Escrito por Isabel Llor Cerdan (España)


Exclusivo para Diario Literario Digital




...Y volvió a entrar en la cueva dónde las paredes tenían incrustadas pequeñas estrellas que brillaban y sonreían haciendo que todos los que entraban sintieran una profunda alegría y, si se quedaban el tiempo suficiente, la paz los atrapaba de tal forma que ya nunca más querían salir.



Al principio fue algo maravilloso: los deseos de cualquier tipo se diluían poco a poco hasta que desaparecían. Todo estaba allí, dentro, nada era necesario, a nadie se echaba en falta. Cada poco subía hasta la cima de la montaña, entraba en la cueva y al rato salía, llevándose un poco de aquella paz que tanto necesitaba.



Pasó el tiempo, pero no sabía cuanto, porque hacía años que había prescindido del reloj y justo ahora sintió la primera alerta y, casi con urgencia, buscó la entrada de la cueva, pero por más que lo intentó, fue imposible encontrarla.

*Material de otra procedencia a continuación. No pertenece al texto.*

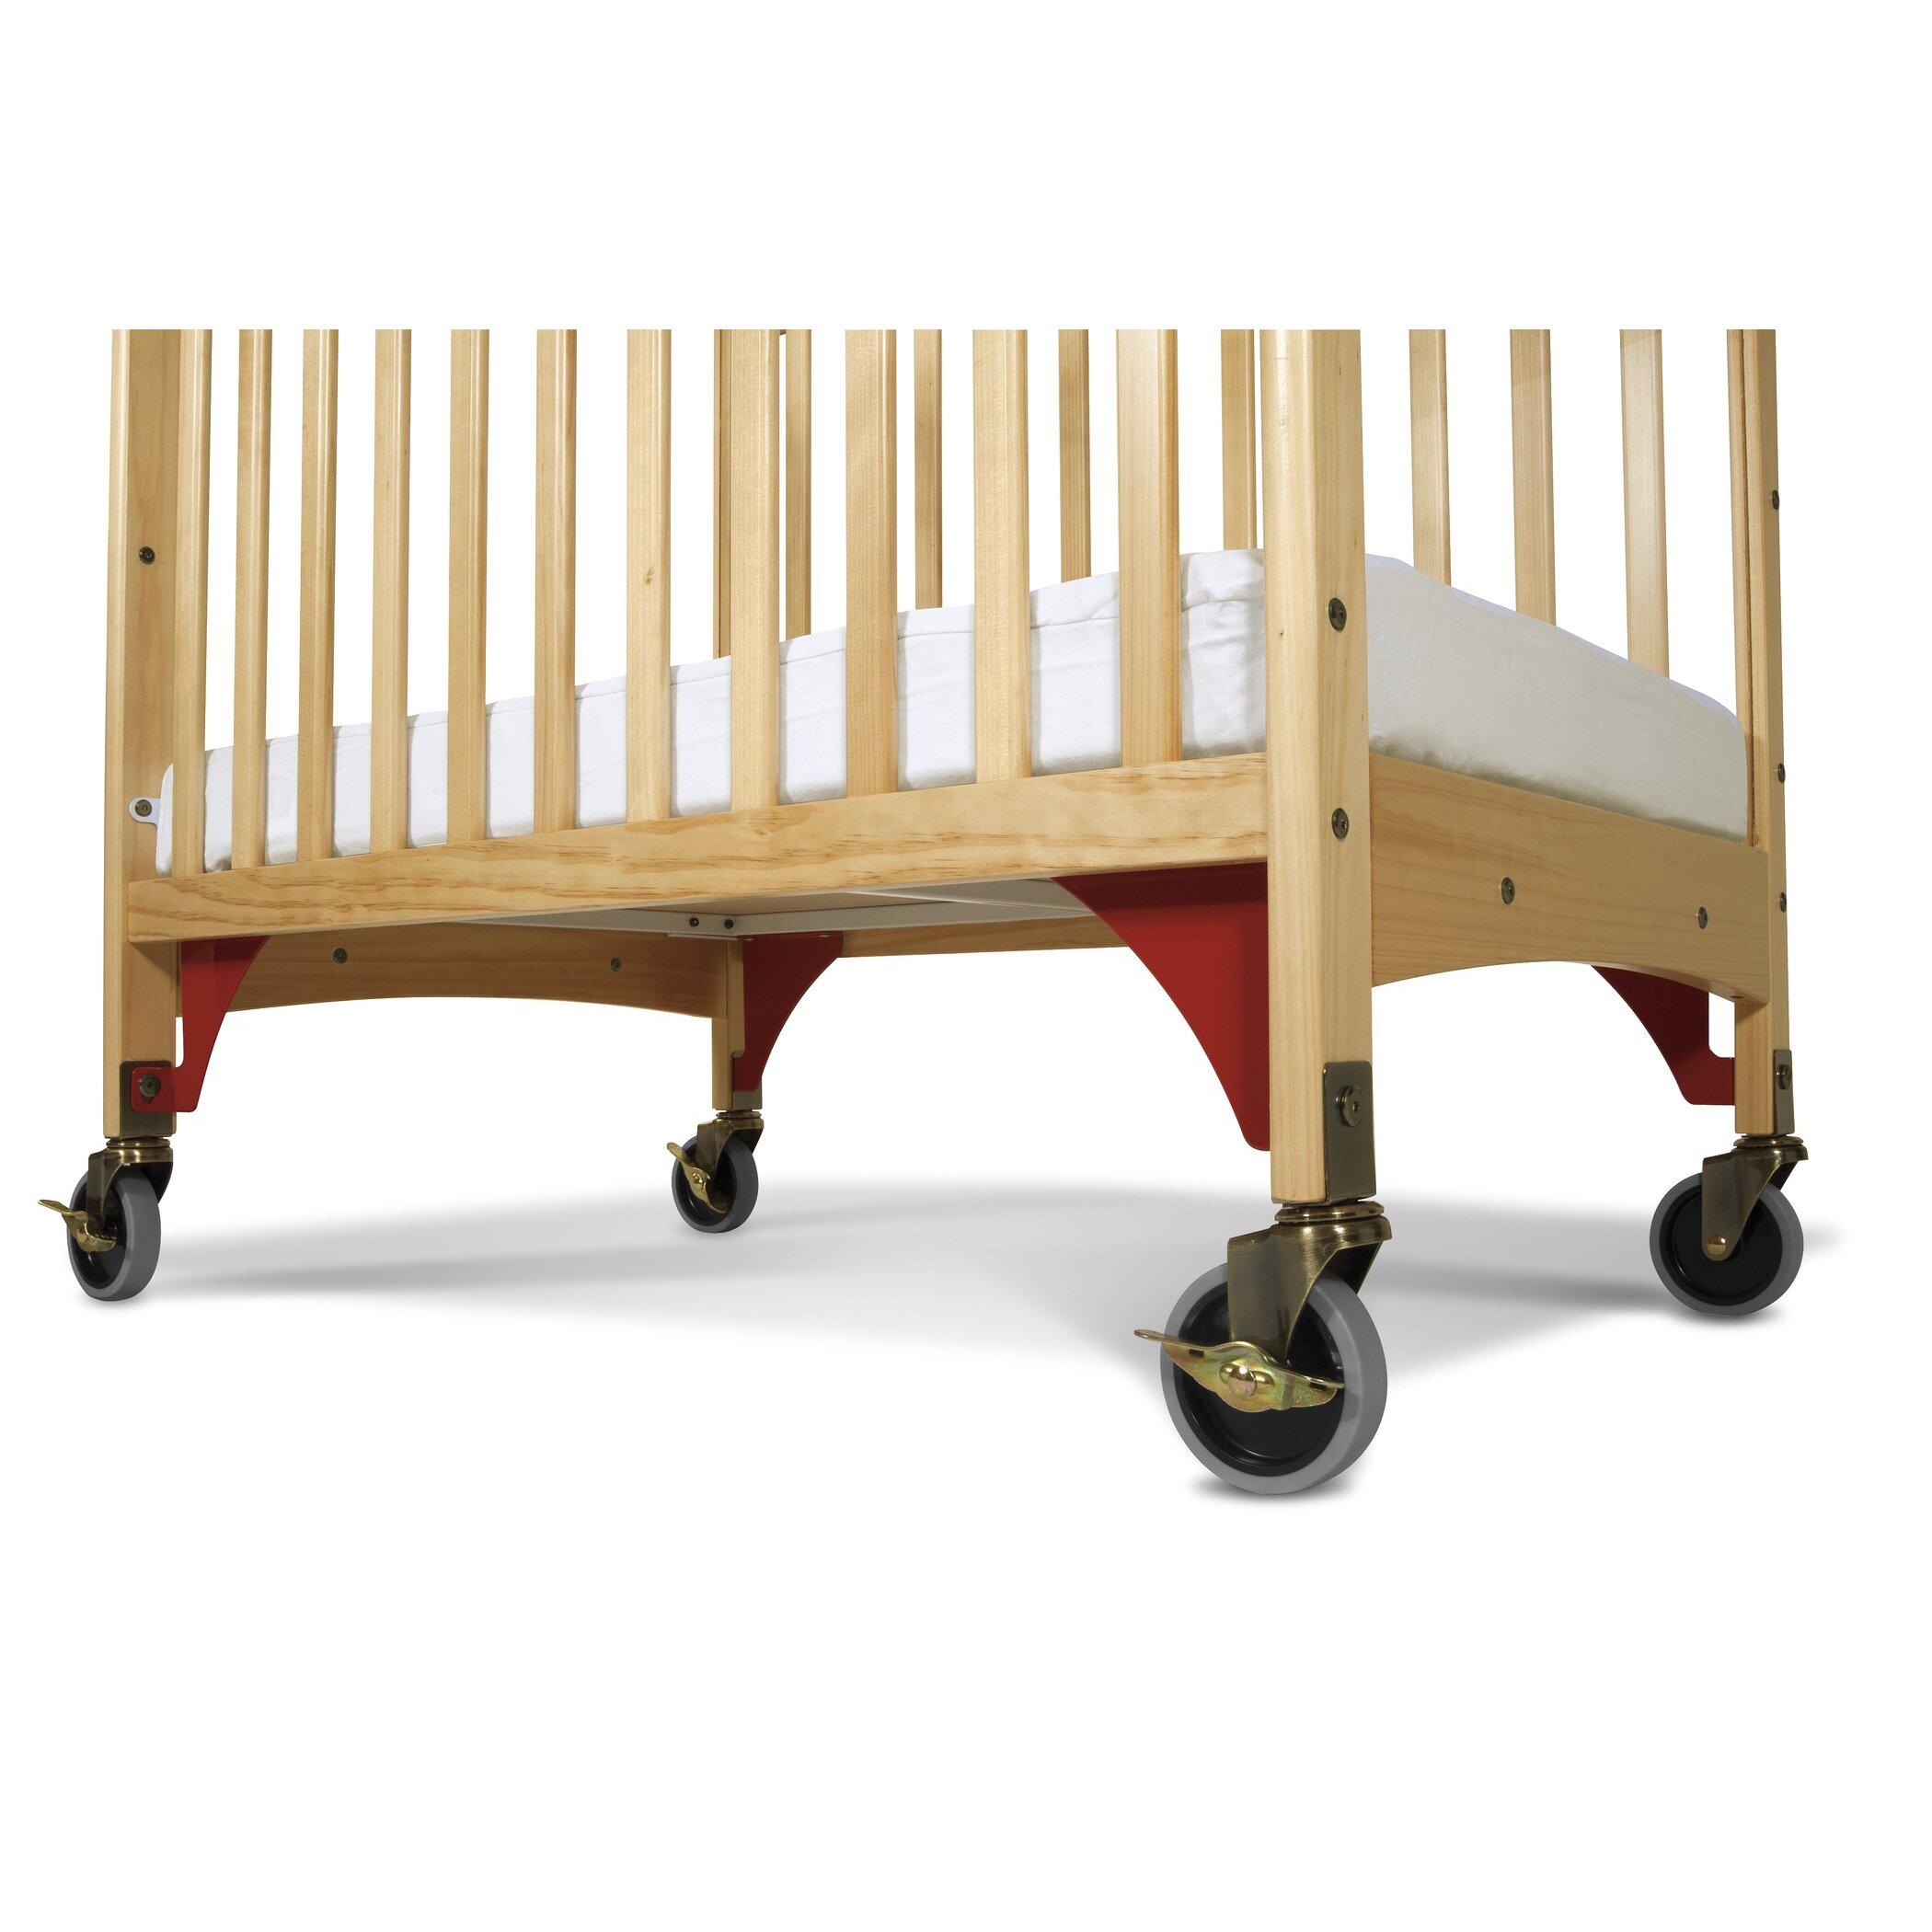 Evacuation crib for sale - Safe Haven Professional Series Evacuation Compact Crib With Mattress
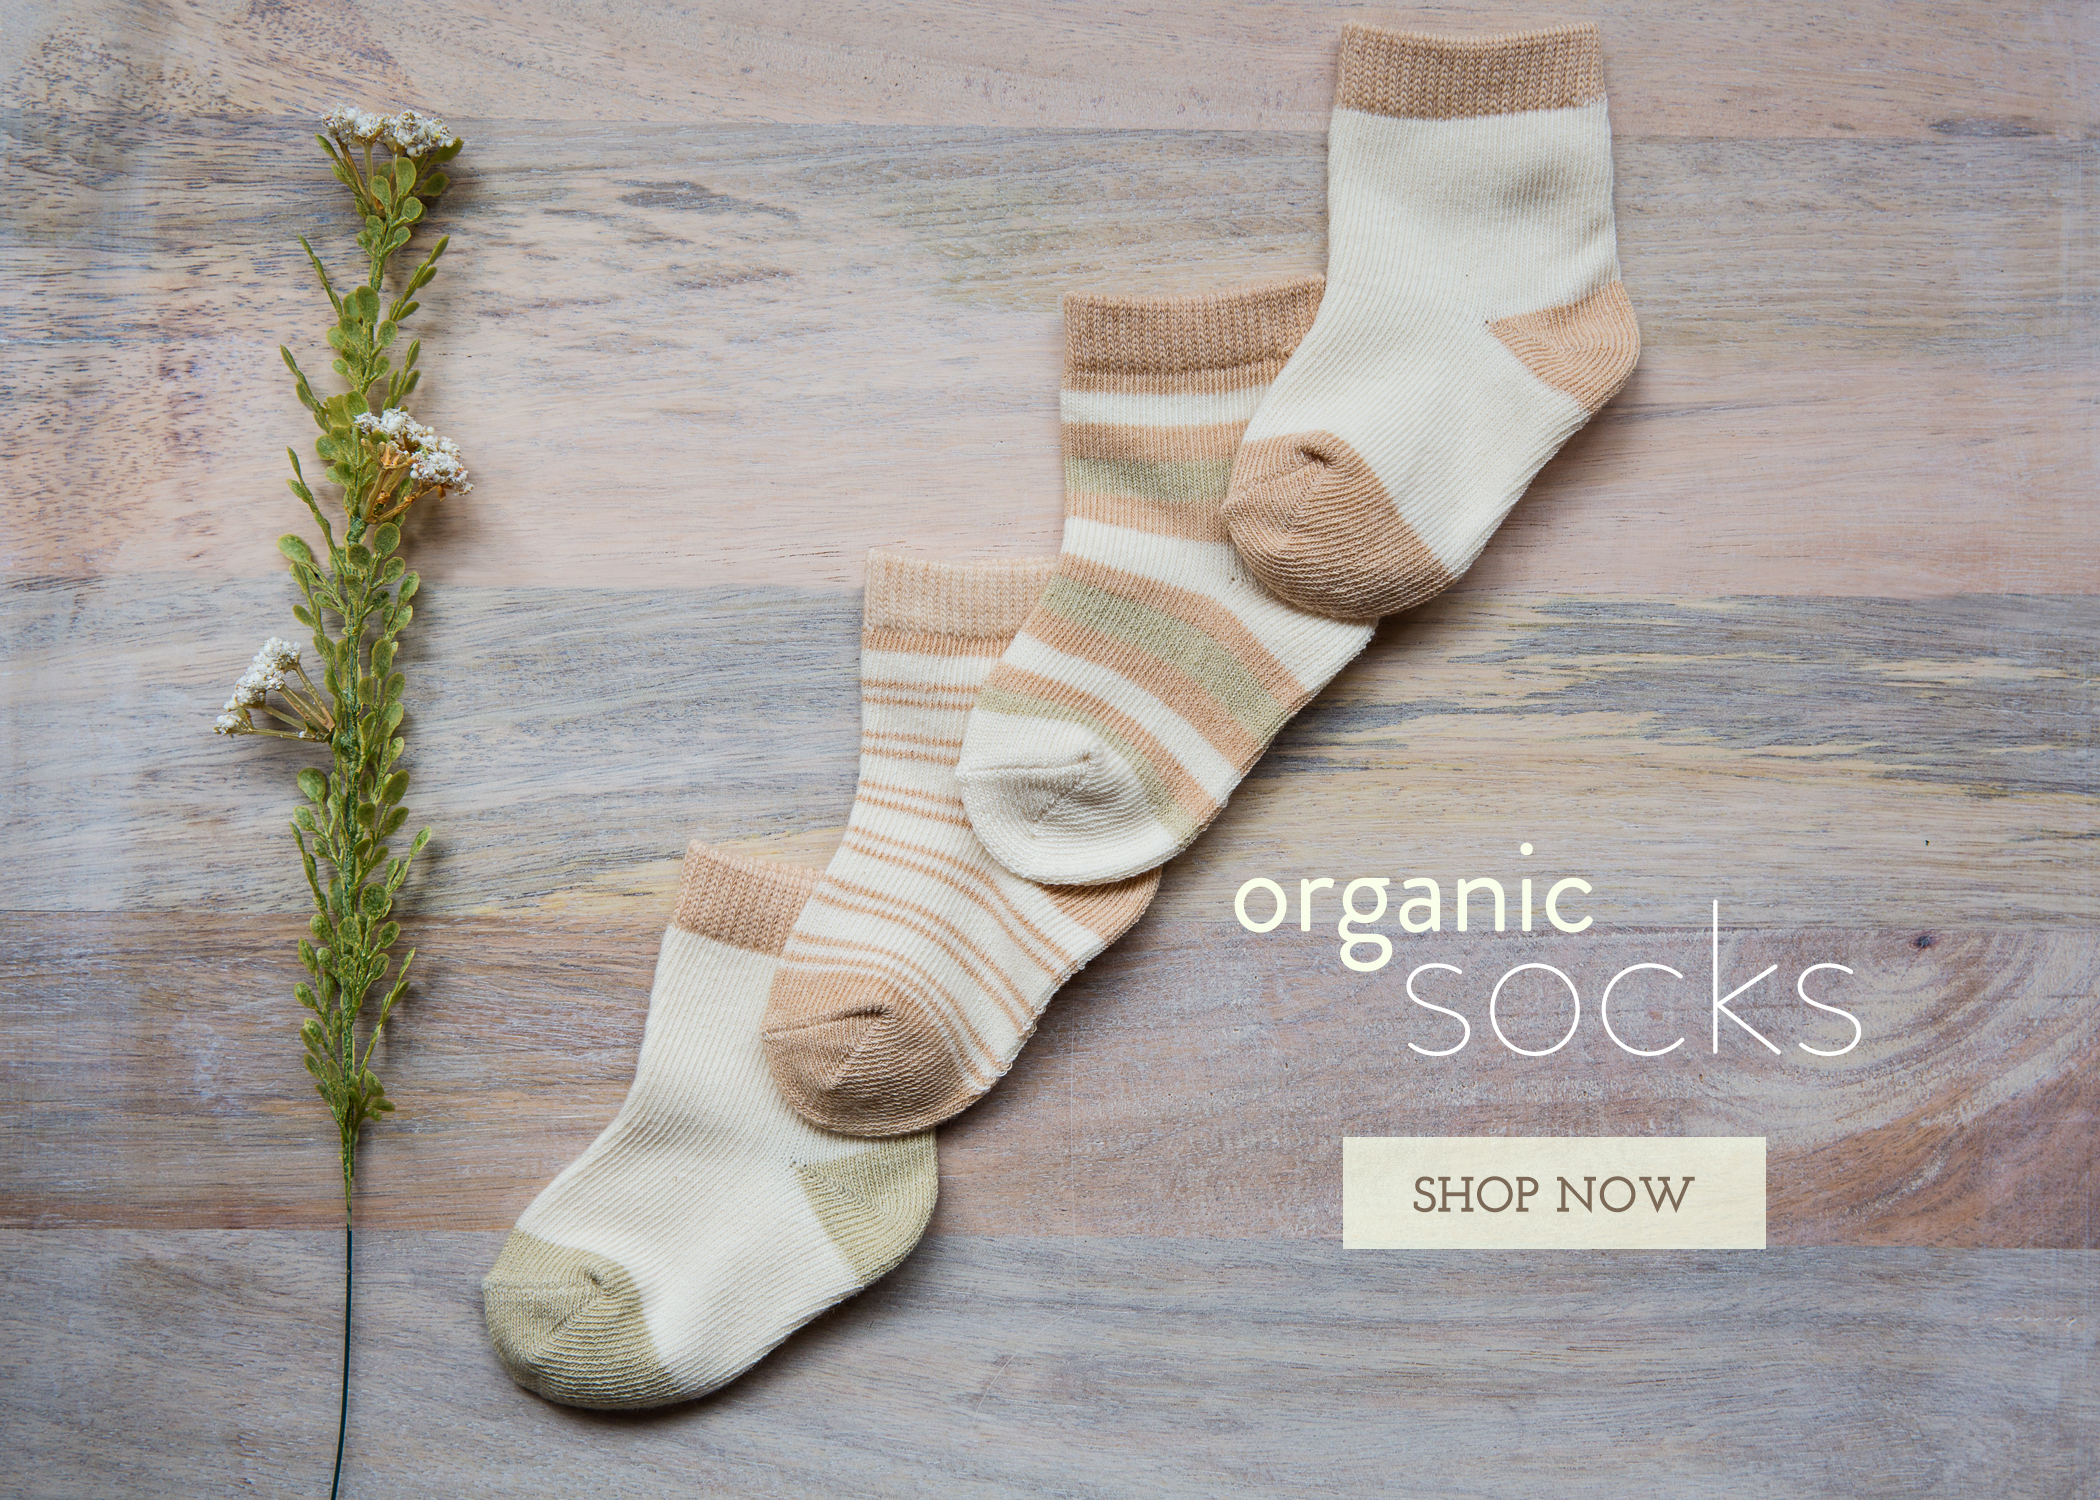 organic-socks.jpg

Se dio cuenta que dormía muchas horas y sabía que soñaba siempre, aunque hacía ya mucho que no recordaba nada.



Desde joven, había tenido la certeza de que hay seres capaces de meterse en los sueños de otros, Podían ser “malos” o “buenos”. Los primeros estaban representados por un ser de piel oscura tirando a rojizo con dos cuernos diminutos en las sienes, un largo rabo y siempre llevaba un tridente con el que lo torturaba. A su lado había fuego dónde, en varias ollas de barro, hervía agua con distintas sustancias que producían un olor terrible y aquello le obligaba a estar en aquel lugar oscuro. Tenía miedo porque su corazón latía con tanta fuerza que terminaría explotando.


Eso lo vencía, haciendo que, tirado en el suelo, se envolviera sobre sí mismo. Cuando despertaba era una liberación, aunque sus lágrimas seguían saliendo hasta que conseguía calmarse por completo.


La parte “buena” estaba representada por una doncella que venía a rescatarlo de todo aquello. Lo abrazaba con fuerza y le decía una y otra vez que sí había una salida y ella lo guiaría para poder encontrarla. Allí había mucha luz, el sol brillaba con intensidad, podía ir en cualquier dirección y disfrutar toda aquella belleza.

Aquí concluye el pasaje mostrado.